Method 3: Do calculation

At the Mean: The slope of \(\text{comm_freq}\) at the mean level of criticism is represented as \(\beta_{\text{comm_freq@mean}} = \beta_1 + \beta_3 \cdot \bar{x}_{\text{criticism}}\).

At the High Level: The slope of \(\text{comm_freq}\) at 1 standard deviation above the mean of criticism is \(\beta_{\text{comm_freq@high}} = \beta_1 + \beta_3 \cdot (\bar{x}_{\text{criticism}} + \text{SD})\).

At the Low Level: The slope of \(\text{comm_freq}\) at 1 standard deviation below the mean of criticism is \(\beta_{\text{comm_freq@low}} = \beta_1 + \beta_3 \cdot (\bar{x}_{\text{criticism}} - \text{SD})\).
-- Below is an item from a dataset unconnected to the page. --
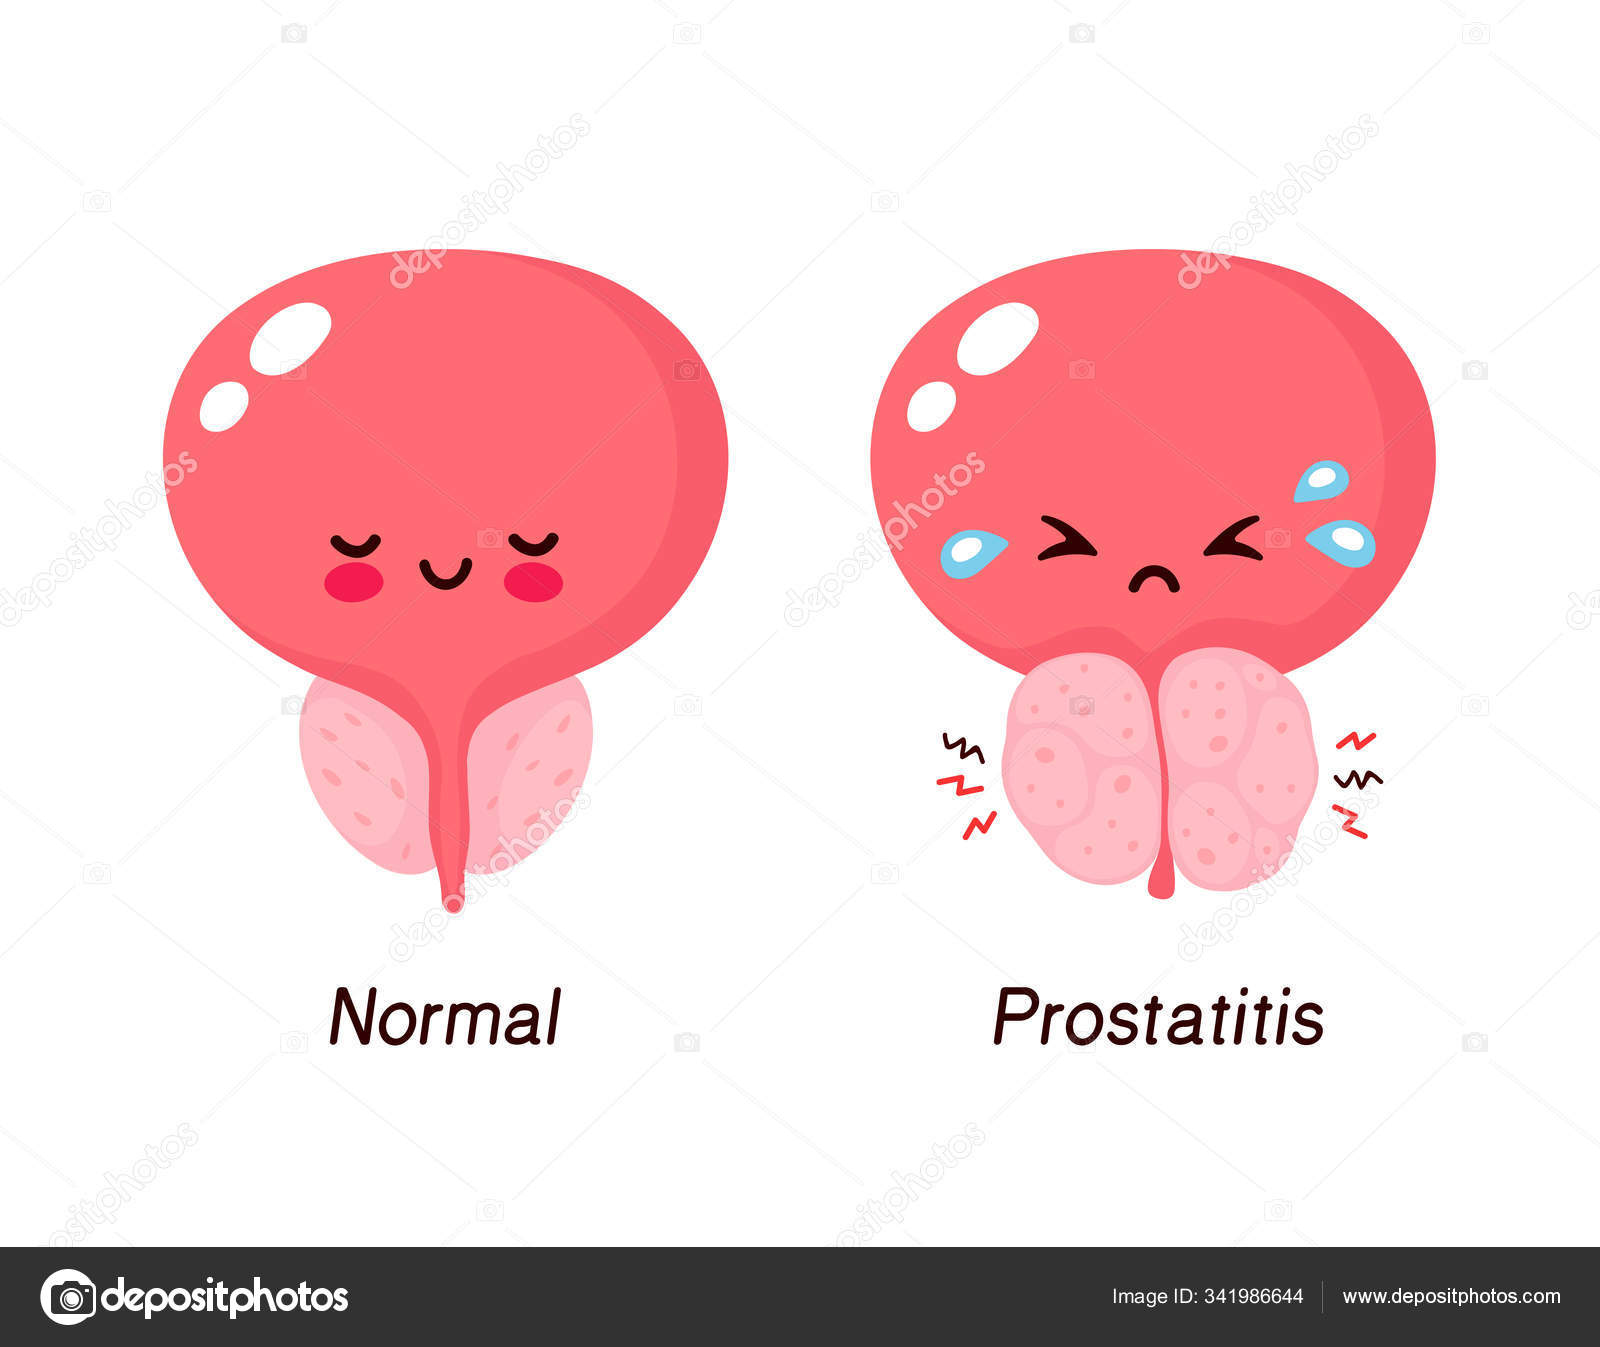 Prostatitis és jóindulatú - ladikauto.hu

mean_criticism <- mean(data$criticism, na.rm = TRUE)
sd_criticism <- sd(data$criticism, na.rm = TRUE)

# Extract coefficients from the model
coeffs <- coef(moderation2)
beta_1 <- coeffs["comm_freq"]
beta_3 <- coeffs["comm_freq:criticism"]

# Calculate the slopes
slope_at_mean <- beta_1 + beta_3 * mean_criticism
slope_at_high <- beta_1 + beta_3 * (mean_criticism + sd_criticism)
slope_at_low <- beta_1 + beta_3 * (mean_criticism - sd_criticism)
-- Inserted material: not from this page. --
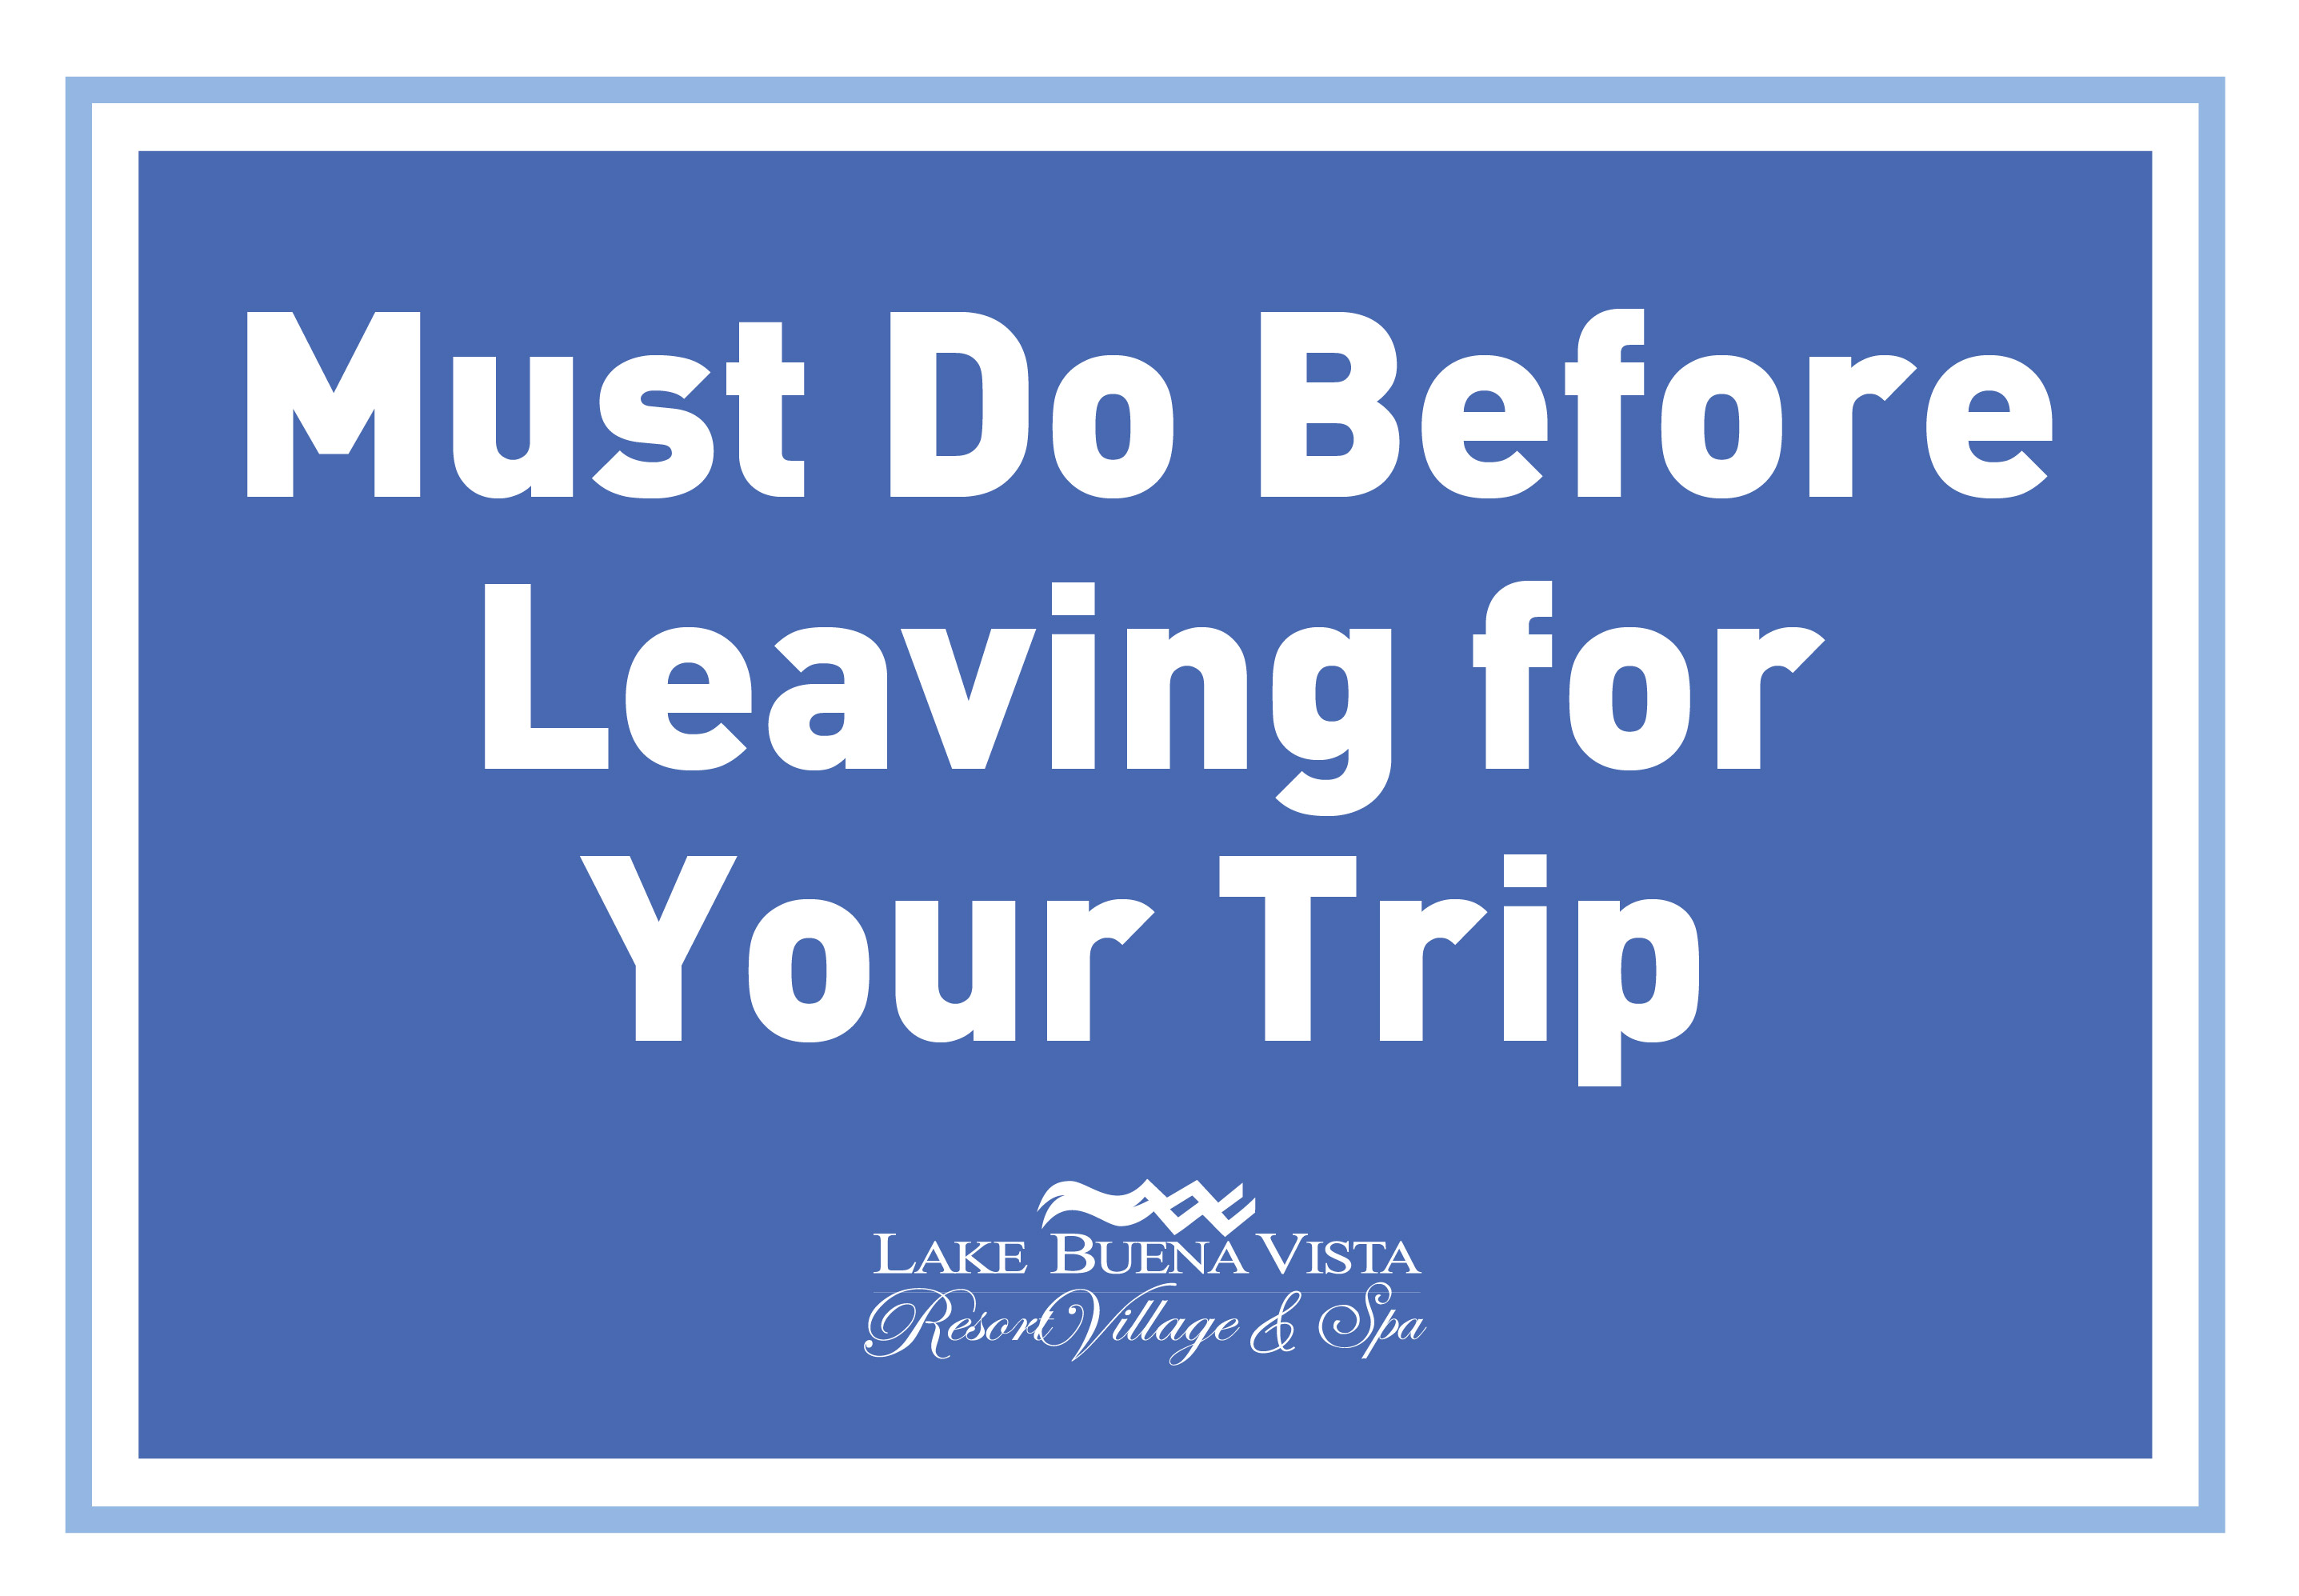 Lake Buena Vista Resort Village & Spa - Must Do Leave2

vcov_mat <- vcov(moderation2)
# Calculating SE for the slope at mean criticism
se_slope_at_mean <- sqrt(vcov_mat["comm_freq", "comm_freq"] + 
                         mean_criticism^2 * vcov_mat["comm_freq:criticism", "comm_freq:criticism"] +
                         2 * mean_criticism * vcov_mat["comm_freq", "comm_freq:criticism"])

# Calculating t-value for the slope at mean criticism
t_value_slope_at_mean <- slope_at_mean / se_slope_at_mean

# Calculating p-value for the t-value
p_value_slope_at_mean <- 2 * (1 - pt(abs(t_value_slope_at_mean), df = moderation2$df.residual))


# High level of criticism (mean + 1 SD)
value_high <- mean_criticism + sd_criticism
se_slope_at_high <- sqrt(vcov_mat["comm_freq", "comm_freq"] + 
                         value_high^2 * vcov_mat["comm_freq:criticism", "comm_freq:criticism"] +
                         2 * value_high * vcov_mat["comm_freq", "comm_freq:criticism"])
slope_at_high <- beta_1 + beta_3 * value_high
t_value_slope_at_high <- slope_at_high / se_slope_at_high
p_value_slope_at_high <- 2 * (1 - pt(abs(t_value_slope_at_high), df = moderation2$df.residual))

# Low level of criticism (mean - 1 SD)
value_low <- mean_criticism - sd_criticism
se_slope_at_low <- sqrt(vcov_mat["comm_freq", "comm_freq"] + 
                        value_low^2 * vcov_mat["comm_freq:criticism", "comm_freq:criticism"] +
                        2 * value_low * vcov_mat["comm_freq", "comm_freq:criticism"])
slope_at_low <- beta_1 + beta_3 * value_low
t_value_slope_at_low <- slope_at_low / se_slope_at_low
p_value_slope_at_low <- 2 * (1 - pt(abs(t_value_slope_at_low), df = moderation2$df.residual))


cat("Low: Slope =", slope_at_low, "SE =", se_slope_at_low, "t =", t_value_slope_at_low, "p =", p_value_slope_at_low, "\n")

## Low: Slope = 0.5995464 SE = 0.05324423 t = 11.26031 p = 0

cat("Mean: Slope =", slope_at_mean, "SE =", se_slope_at_mean, "t =", t_value_slope_at_mean, "p =", p_value_slope_at_mean, "\n")

## Mean: Slope = 0.6120152 SE = 0.03902805 t = 15.68142 p = 0

cat("High: Slope =", slope_at_high, "SE =", se_slope_at_high, "t =", t_value_slope_at_high, "p =", p_value_slope_at_high, "\n")

## High: Slope = 0.6244841 SE = 0.05775215 t = 10.81317 p = 0

Visualization

interact_plot(moderation2, pred = comm_freq, modx = criticism, interval = TRUE, int.width = 0.8, plot.points = TRUE)